Flat Lens Gets Ahead of the Optical Curve

by Alan S. Brown

Andrei Faraon at California Institute of Technology's Nanoscale and Quantum Optics Lab creates new lenses

Aided by a microscope, you can see the silicon pillars Faraon uses to direct light so that a flat surface can act as a focusing lens.​

The Author

Alan S. Brown

The Researcher

Andrei Faraon

The word "lens" takes its name from the Latin word for lentil. Both are both hemispheric shapes bound together on their flat surface. So a "flat lens" sounds like a contradiction of terms. Yet that is exactly what Andrei Faraon is working on at California Institute of Technology's Nanoscale and Quantum Optics Lab.

Why flat lenses? They could be used in lots of places where conventional optical lenses are too bulky, Faraon, a member of the Kavli Nanoscience Institute at Caltech, explained. Built onto semiconductor sensors, surgeons could attach them to guide surgical tools and researchers could use them in microscopes designed to look at transparent objects inside cells.

There are several reasons conventional optical lenses fall short for these and other applications. Those lenses work by bending light, so it focuses on a single point in the center. Yet the curves used to gather light make conventional lenses expensive to manufacture. They also distort colors and produce less sharp images on their edges. To correct for those flaws, optical systems use additional lenses, which makes them bulky and more expensive.

Finally, in today's digital world, engineers must couple those lenses with a separate image sensor, which makes them even bulkier and more costly.

Faraon thought he had a clear solution: Build a flat lens using the same techniques used to fabricate silicon semiconductor image sensors so that the lens and sensor form a small, single integrated system.

But first, he had to find a way to collect and focus light using a flat surface.

That's what metasurfaces do. They are surfaces made of conventional materials--in this case, silicon--shaped into nanosized structures that alter how those materials respond to light. The most famous example of an optical metamaterial is a cloak developed at Duke University that bends light and makes objects appear invisible.

Faraon's metasurfaces are dotted with 600-nanometer-high silicon cylinders that alters the path and speed of light as it passes through them. (Light always moves the same speed in a vacuum, but slows down when it passes through a medium like water or silicon.)

"As the light propagates through the pillars, it works like a convex lens," he said. "The pillars in the center are fatter, so they delay light slightly longer than the thinner pillars on the edge."

Through careful calculations, Faraon's team designed an array of pillars that brought all light together on top of a flat image sensor like those used in smartphones and digital cameras.

At first, the metasurfaces produced images that were blurry around the edges.
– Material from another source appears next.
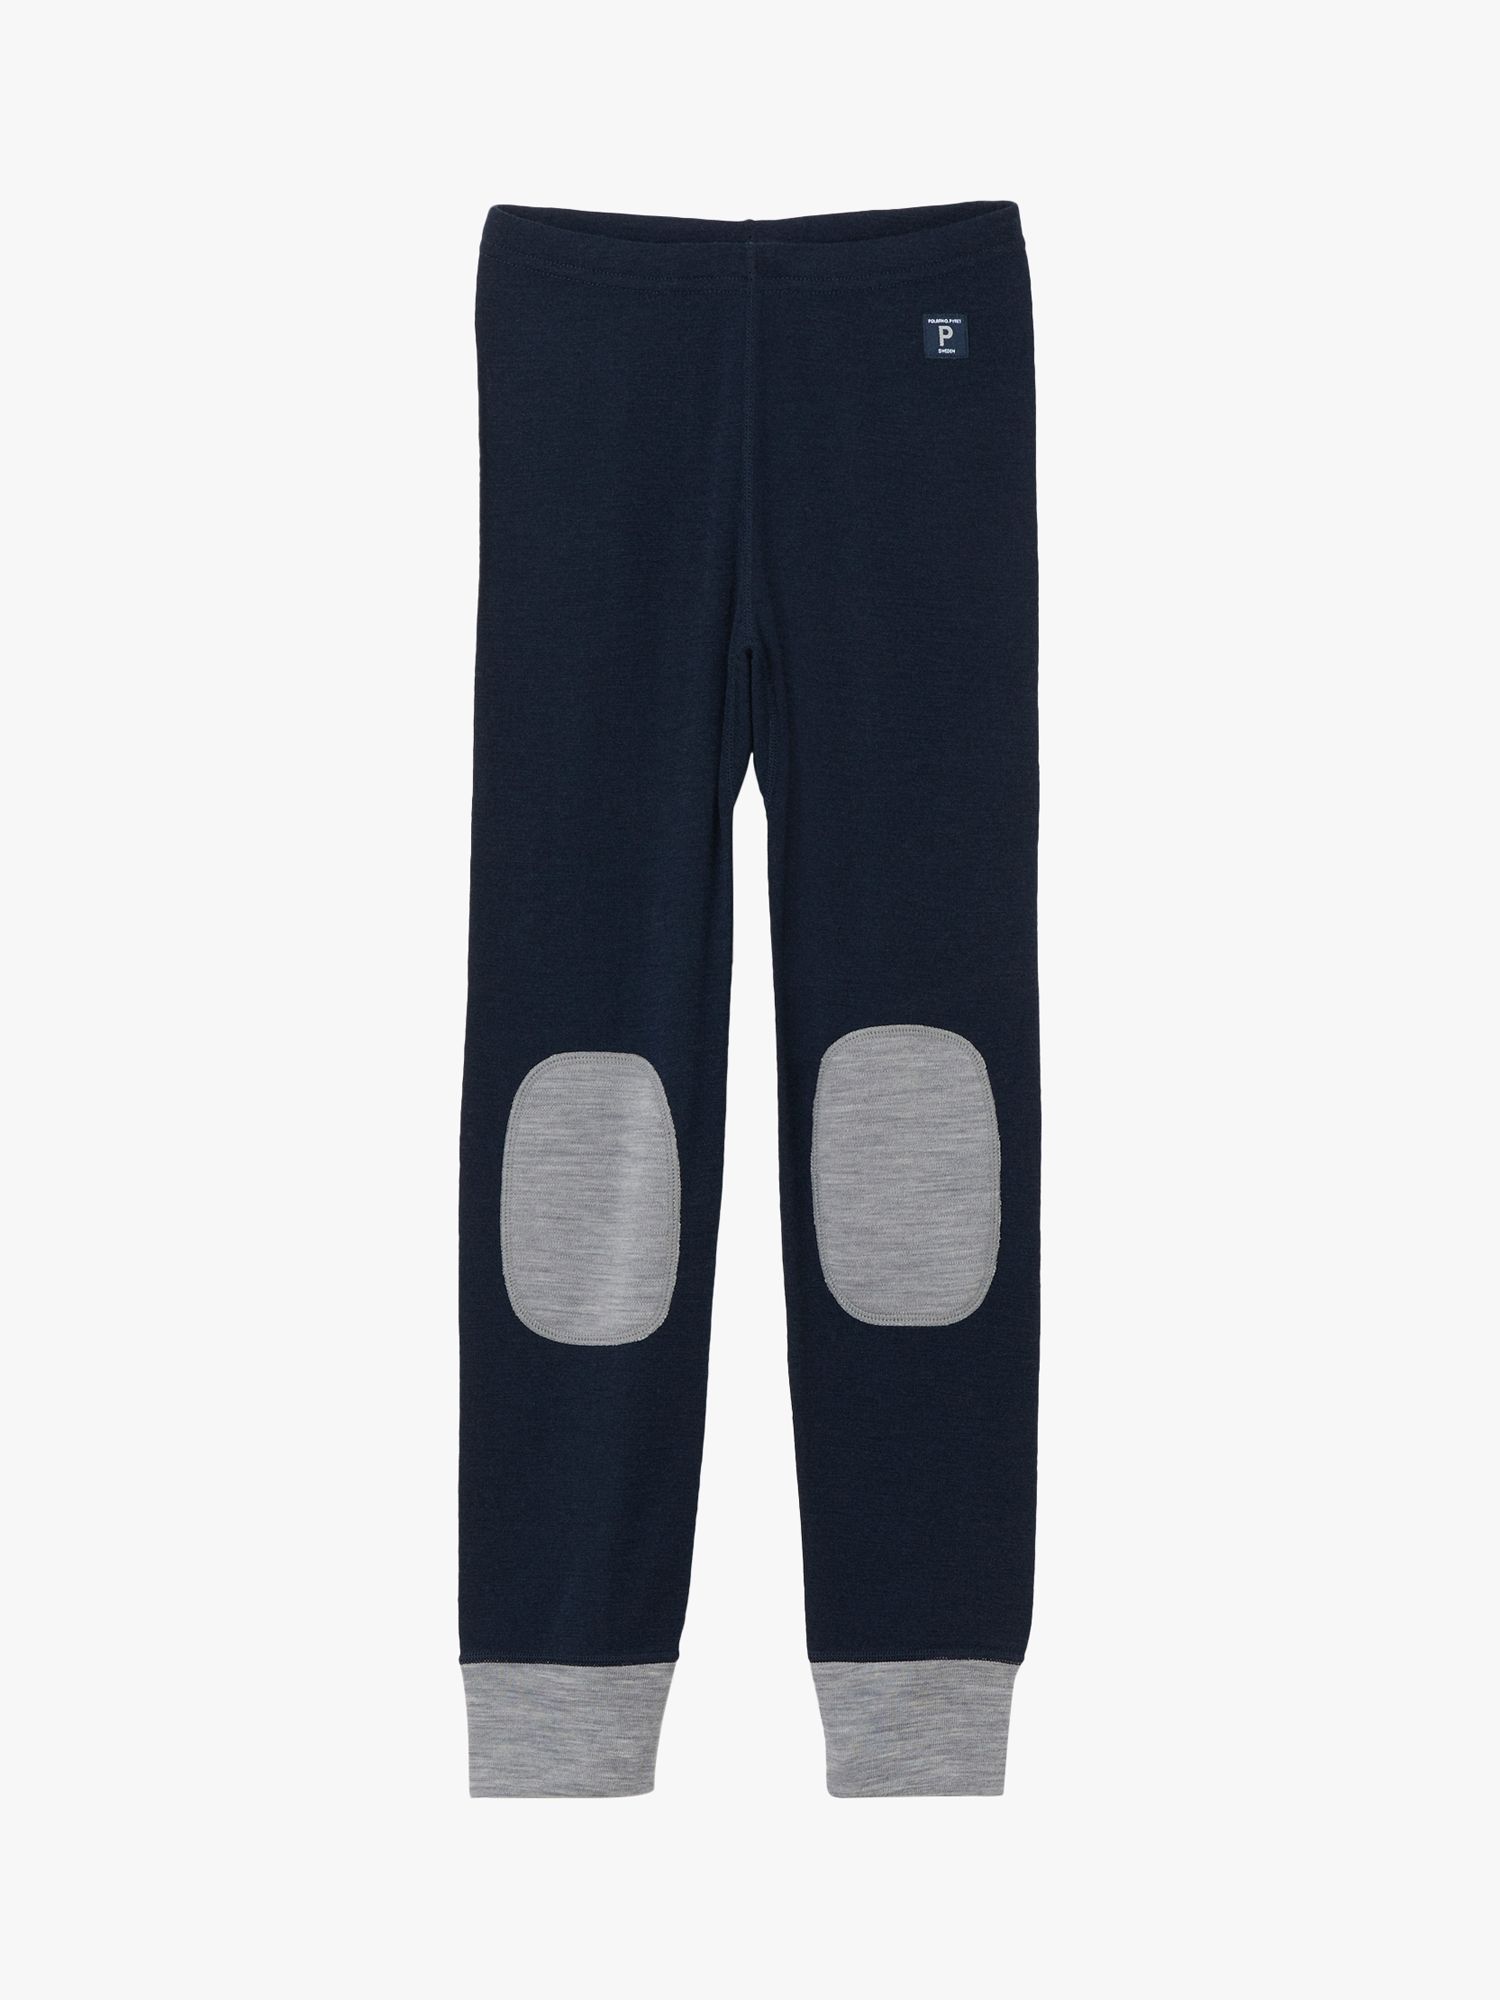 Детские брюки до колена контрастного цвета из шерсти мериноса Polarn O. Pyret, серо-голубой брюки o stin 42 размер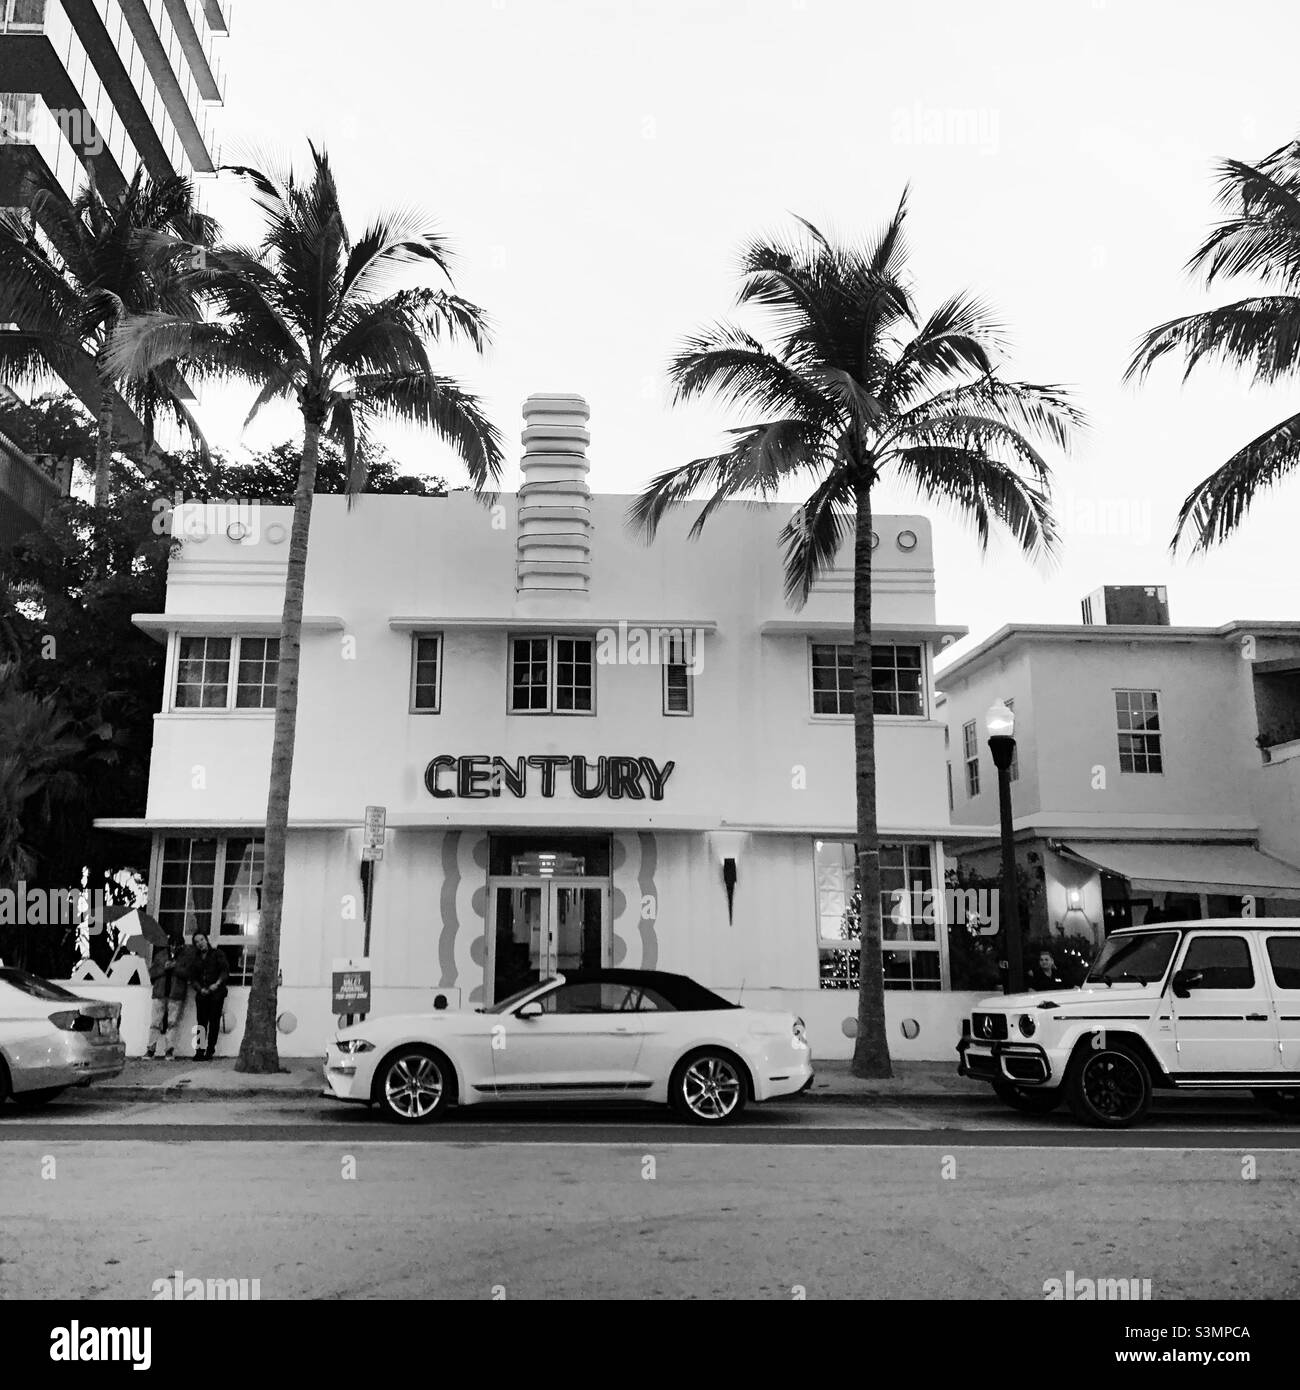 Décembre 2021, Century Hotel, Ocean Drive, au sud de Fifth,South Beach, Miami Beach, Floride, États-Unis, Amérique du Nord Banque D'Images

So, Faraon's group borrowed a trick used by conventional lenses and put two metasurfaces on top of one another (with the nanopillars on the outside).

This enabled him to create a lens that gathered light from a 70-degree viewing angle and focused it crisply on a single plane. Faraon has also made flat telephoto lenses that zoom in on an image.

The lenses should also be easy to mass produce at reasonable cost, since they are made by the same silicon semiconductor technology used to make conventional image sensors.

"If you know what to do, it's a simple to design compared with the design that goes into a computer processor," Faraon said.

Yet flat lenses have one major shortcoming: they work for one wavelength of light only. If a camera with a flat lens took a picture of an outdoor scene, all that would show up on the image is a specific wavelength of red, blue, or another color.

Surprisingly, this is not a deal breaker. After all, lasers and LED lights also emit only a single wavelength of light. So, any application that uses a laser or LED to illuminate something could use a flat lens to gather light reflected from that object.

That makes them ideal for surgical instruments like endoscopes. These are long, thin rods with cameras and LED lights at the end, which doctors insert into body cavities and organs to perform minimally invasive surgery.

Coupled with infrared LEDs, it could be used as night vision cameras for security systems.

Another possible use lies in differential phase contrast imaging, a technique often used to look at transparent objects, like cells, organelles inside cells, and crystals. It uses very small differences in the speed at which light, usually from an LED, passes these objects to enhance the edge of the sample.

Faraon is already working on several of these applications, proving that a flat lens is not really a contradiction in terms.